# biggest rhom picture?



## TroyAjack (Nov 16, 2004)

i was wondering if anyone could give me the link to a BIG ASS RHOM


----------



## Judazzz (Jan 13, 2003)

This is the largest one I know of.
Don't know where the picture is from, though: found it on my harddrive during a cleanup operation.


----------



## Guest (Dec 17, 2004)

That is an awesome looking rhom.


----------



## 4cmob (Nov 21, 2004)

"ooh2.gif That is an awesome looking rhom. bowdown.gif"

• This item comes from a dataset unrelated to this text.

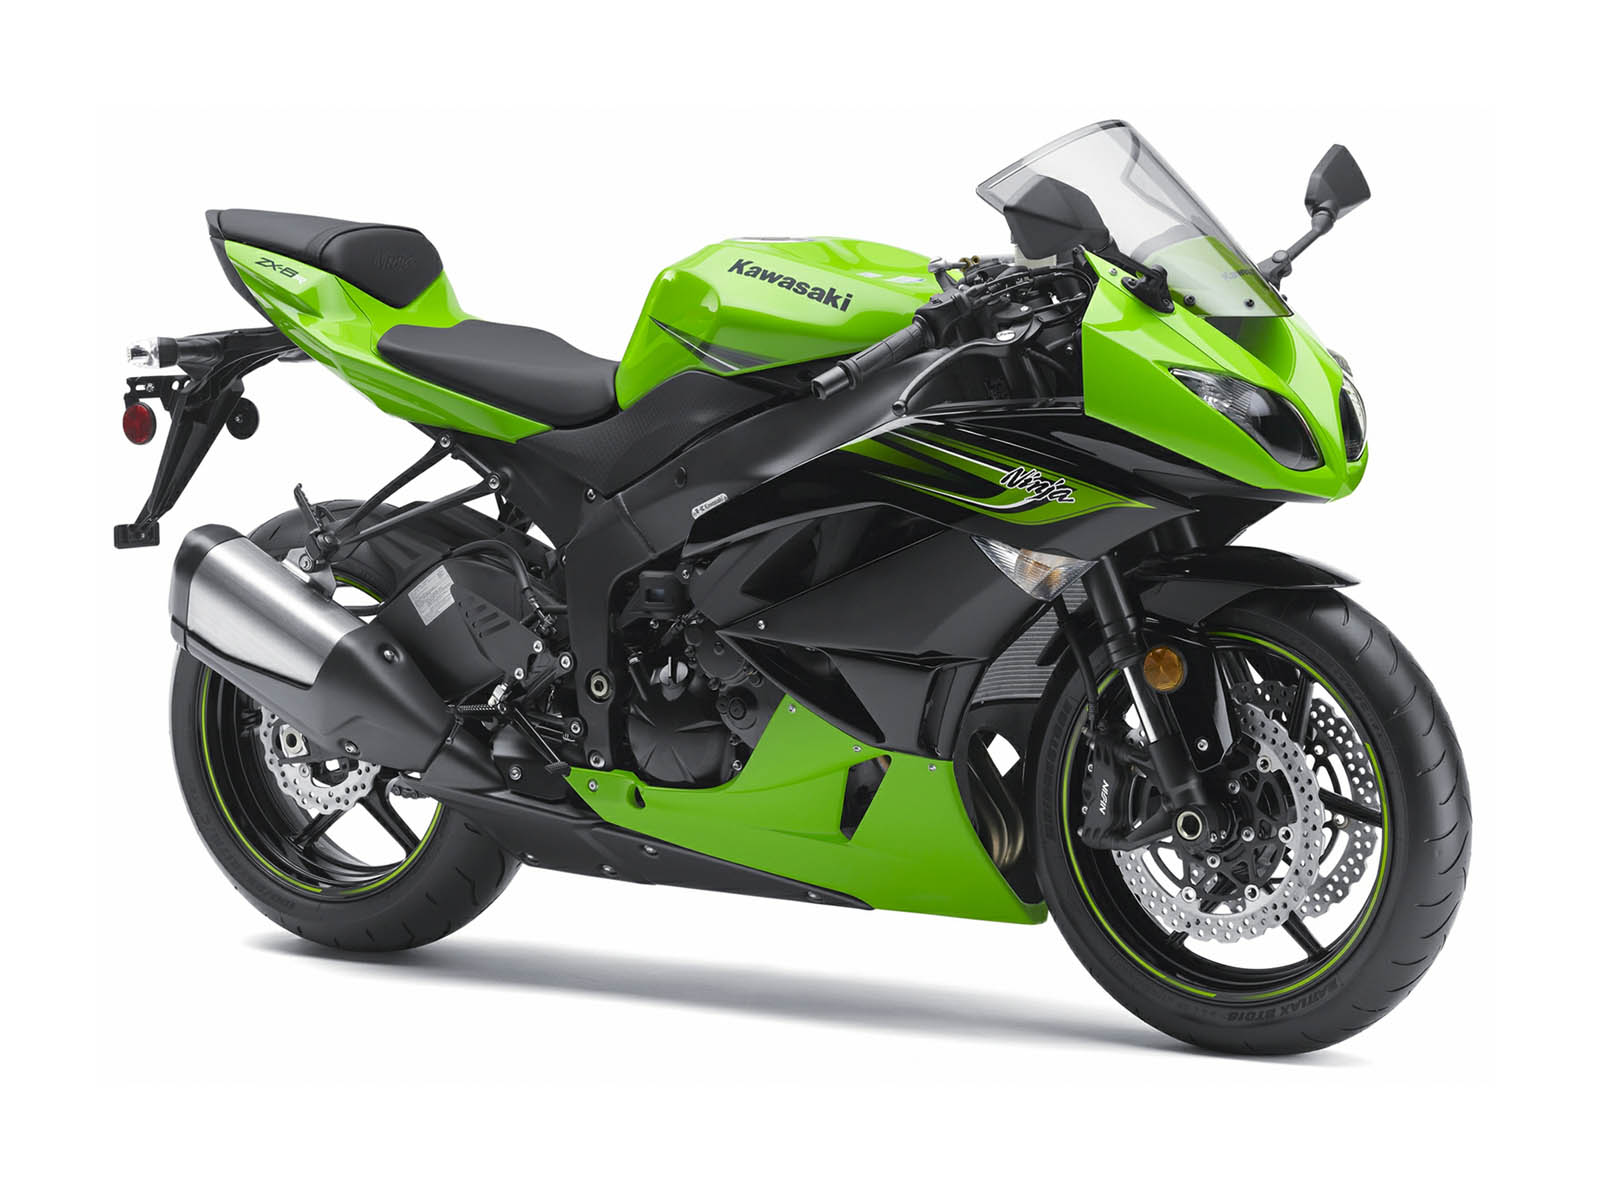 Ninja Zx 6r Bike Wallpaper Image Photos Pictures And Background For

to say the least, how big you think that is?


----------



## TroyAjack (Nov 16, 2004)

That picture really makes me want to get a rhom and let it grow REALLY BIG


----------



## rbp 4 135 (Mar 2, 2004)

looks to be around 15-16 inches


----------



## Grosse Gurke (Jan 3, 2003)

The Pleco is about 8" and the smelt he is eating is about 6-7"


----------



## Fido (May 21, 2003)

Damn im surprised that pleco is alive...


----------



## Death in #'s (Apr 29, 2003)

Filo said:


> Damn im surprised that pleco is alive...
> [snapback]801730[/snapback]​


gg also had alot of other fish in there that i think he left alone


----------



## BraveHeart007 (May 19, 2004)

Here is a the biggest Rohm ive seen.
Its about 20"+ Each of those tiles is 8"


----------



## Death in #'s (Apr 29, 2003)

BraveHeart007 said:


> Here is a the biggest Rohm ive seen.
> Its about 20"+ Each of those tiles is 8"
> 
> 
> ...










holy sh*t who had those monsters


----------



## o snap its eric (Feb 19, 2003)

whoa!


----------



## saminoski (Jun 3, 2004)

wow some fukin huge roms


----------



## MR.FREEZ (Jan 26, 2004)

heres one of the bigger ones i have seen from DonH's gallery


----------



## The_Spoot (Nov 15, 2004)

I want a rhooooooooom.


----------



## ReDraGon-> (May 24, 2004)

heres a pic of a HUGE RHOM

Its from RHOMZILLA


----------



## K fizzly (Aug 27, 2004)

how big is that?


----------



## SERRASOMETHING (Jun 29, 2004)

here is the biggest one I have owened:
17"(ash)

























rw


----------



## Fido (May 21, 2003)

wow massiveness


----------



## BraveHeart007 (May 19, 2004)

Death in # said:


> holy sh*t who had those monsters
> [snapback]801780[/snapback]​


It was a supplier in South America who had these

The big daddy died in shipping


----------



## killfishygo (Jan 13, 2004)

god damn those are huge


----------



## JAC (Jan 19, 2004)

Holy crap, awesome rhoms







, specially the 20"+ braveheart posted.


----------



## o snap its eric (Feb 19, 2003)

I was going to post my pics of my two 12" "monsters" but im ashamed to put it on this thread.


----------



## 4cmob (Nov 21, 2004)

o snap its eric said:


> I was going to post my pics of my two 12" "monsters" but im ashamed to put it on this thread.
> 
> 
> 
> ...


no need to be ashamed, 12"rhom is still a badass fish.


----------



## SpAzZy (Mar 30, 2004)

man.. i want a rhom that big.. hopefully my 4-5"er will grow to be that big.. i'm gonna keep him forever probably.. unless i trade him in for a bigger one down the line..


----------



## apex (Feb 15, 2004)

yikes! big fishy!


----------



## Mafioso (Aug 4, 2004)

Impressive specimens i want 1 that big christ awesome.


----------



## fliptasciouz (Jul 4, 2004)

wow if i have one of those 20 inchers i'll feed him cats and pigeons


----------



## illnino (Mar 6, 2004)

why is that 20" rhomn in a bathbub along with 3 others??


----------



## Young Gotti (Jan 29, 2003)

> why is that 20" rhomn in a bathbub along with 3 others??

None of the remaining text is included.